The acquisition will provide access to Exl-111, a half-life extended, high-affinity anti-IgE antibody currently in Phase I clinical trials.
Designed as an advanced extension of the established biology of validated anti-IgE therapy, Exl-111 may complement the existing Novartis allergy portfolio across diverse allergic conditions and patient contexts.
Unlike standard approaches, Exl-111 aims to dissociate receptor-bound IgE and could offer faster, deeper Fc epsilon RI alpha (FcεRIα) downregulation. Early Phase I data indicate sustained exposure consistent with its half-life extended design.
If further trials confirm these findings, the mechanism could support stronger disease control, more convenient dosing and wider use across allergic asthma, chronic inducible urticaria, food allergy and other IgE-mediated illnesses, including potentially in paediatric populations.
Novartis biomedical research president Fiona Marshall said: “Excellergy adds a differentiated next-generation anti-IgE programme that builds on biology Novartis knows well, supported by preclinical evidence and early clinical pharmacokinetic data.
“Exl-111 is designed to go beyond conventional anti-IgE therapy, with the potential to deliver faster and deeper suppression of IgE signalling as well as improved symptom control.
“This proposed acquisition strengthens our allergy portfolio and reflects our strategy of advancing innovative, bold science to bring meaningful additional benefits to patients.”
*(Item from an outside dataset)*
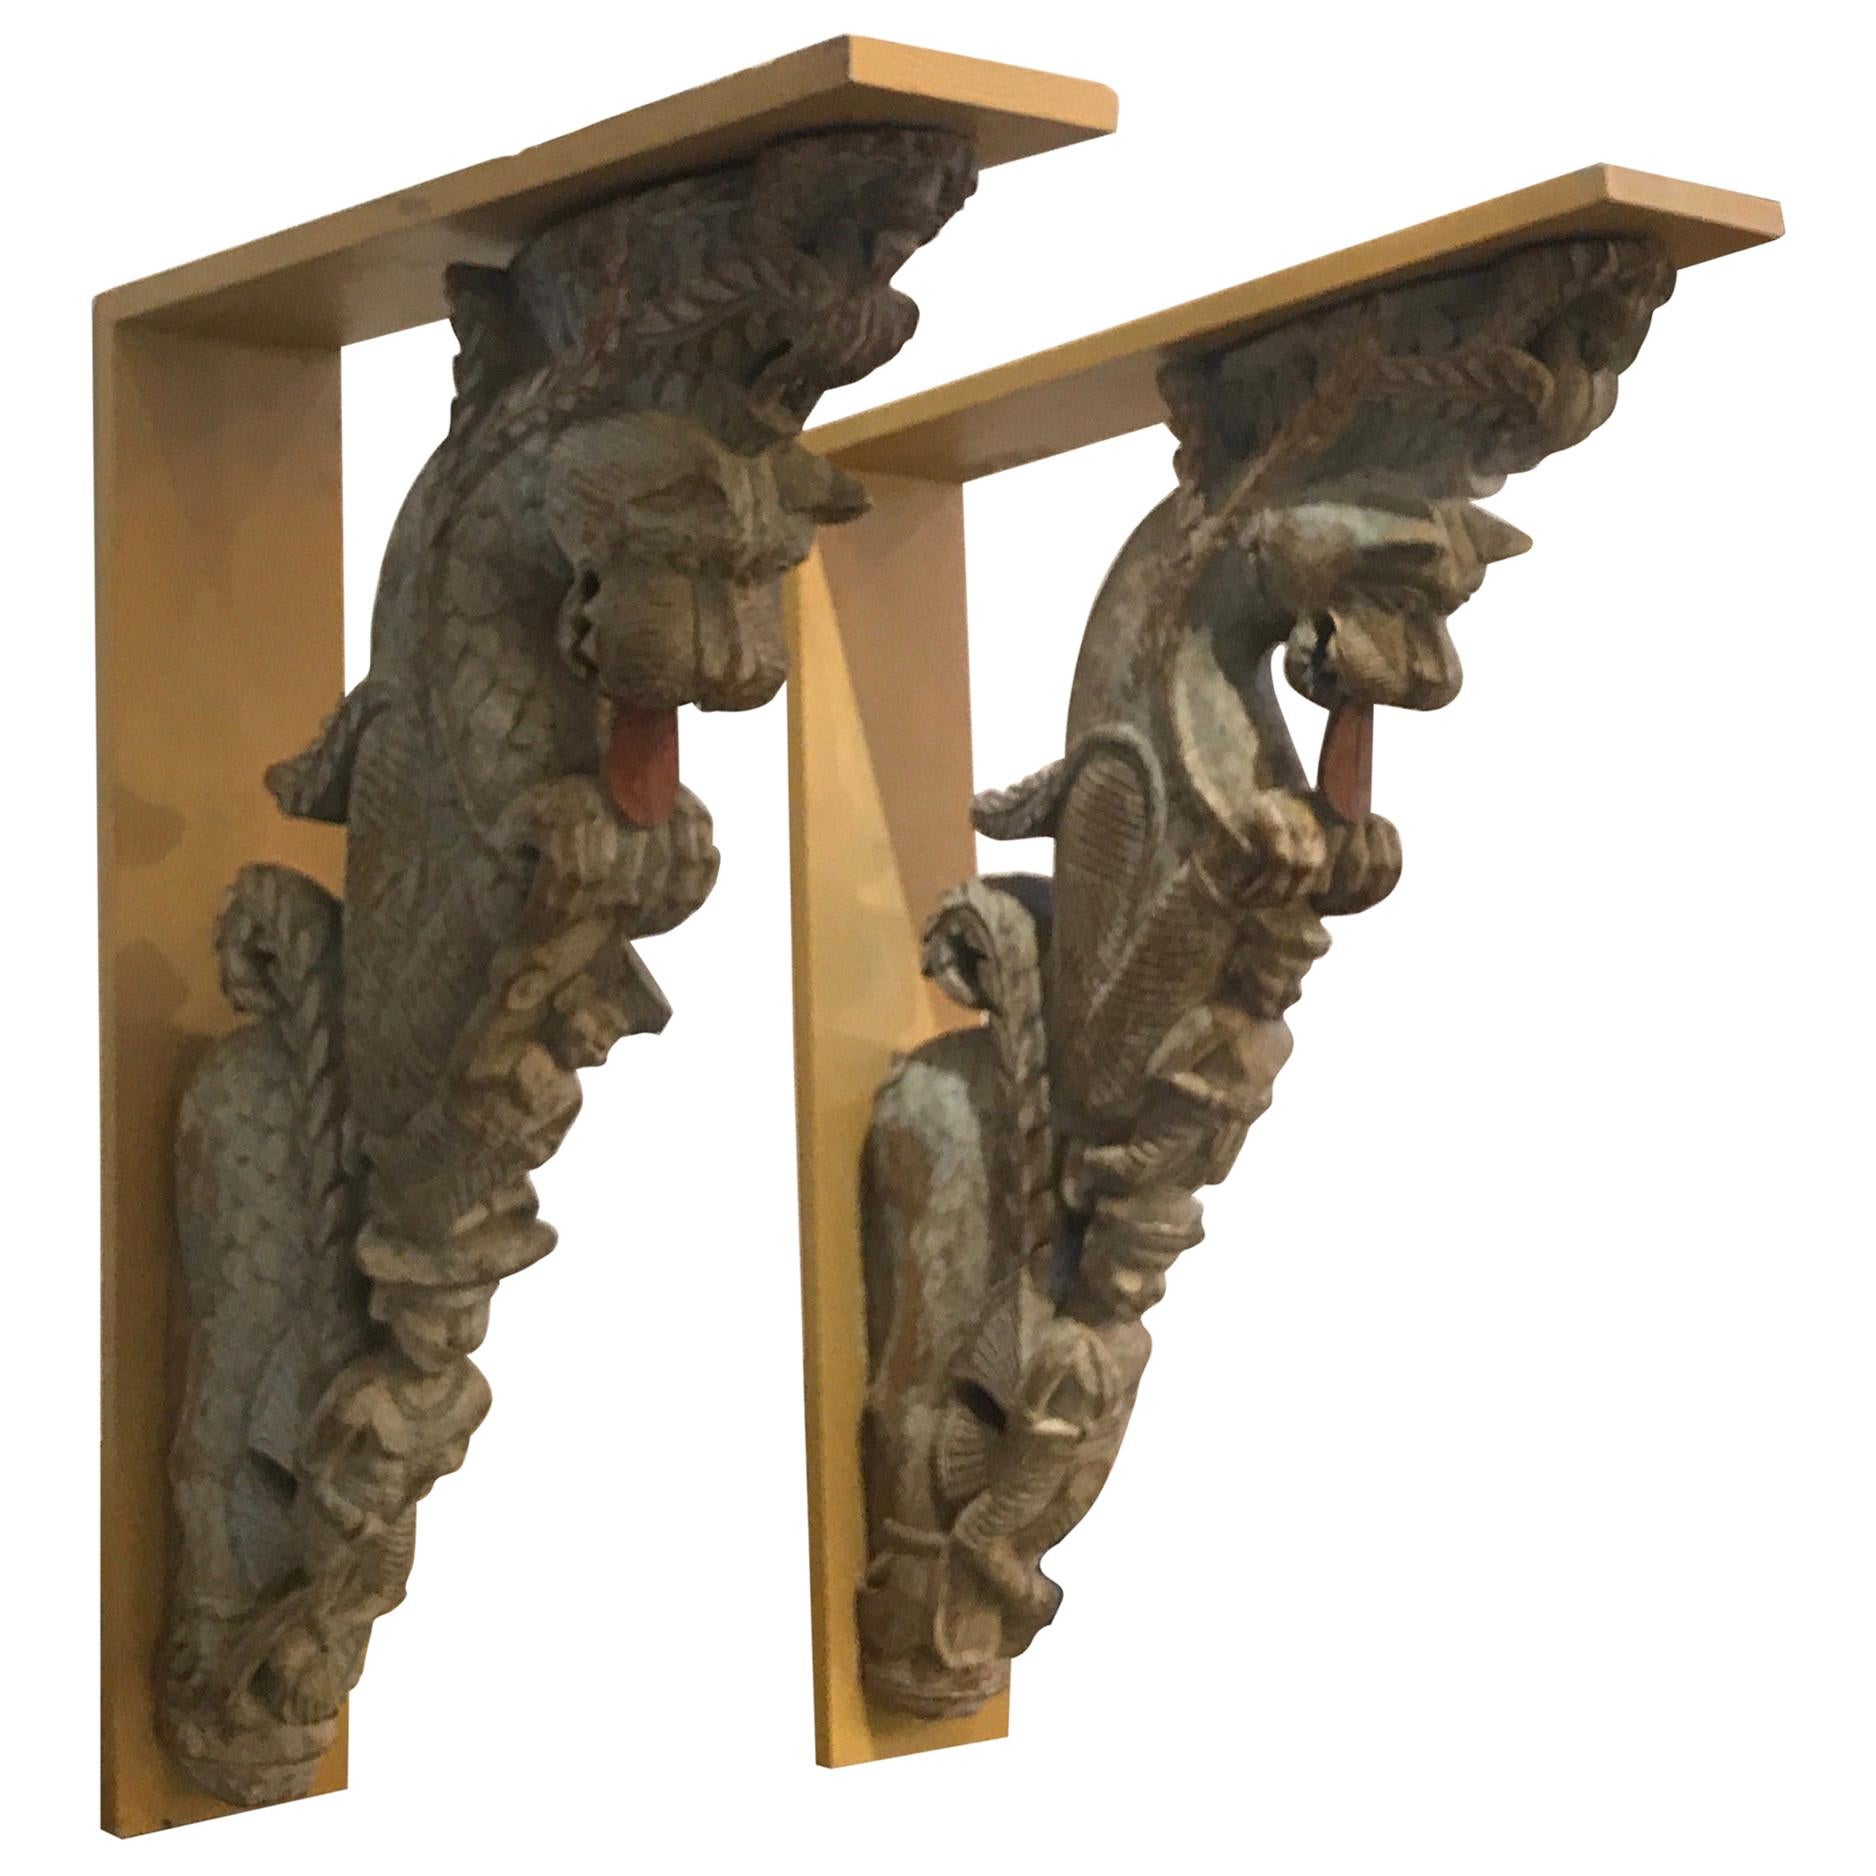 Pair of South East Asian Architectural Carvings Late 19th Century

The transaction is anticipated to close in the second half of 2026, subject to regulatory approvals and customary closing conditions.
Last week, Novartis signed an agreement to acquire SNV4818, a pan-mutant selective Phosphoinositide 3-kinase alpha (PI3Kα) inhibitor, from Synnovation Therapeutics.
Novartis agreed to pay $2bn upfront and up to $1bn in milestones to acquire Synnovation Therapeutics’ wholly owned subsidiary Pikavation Therapeutics, which holds SNV4818 and related programmes.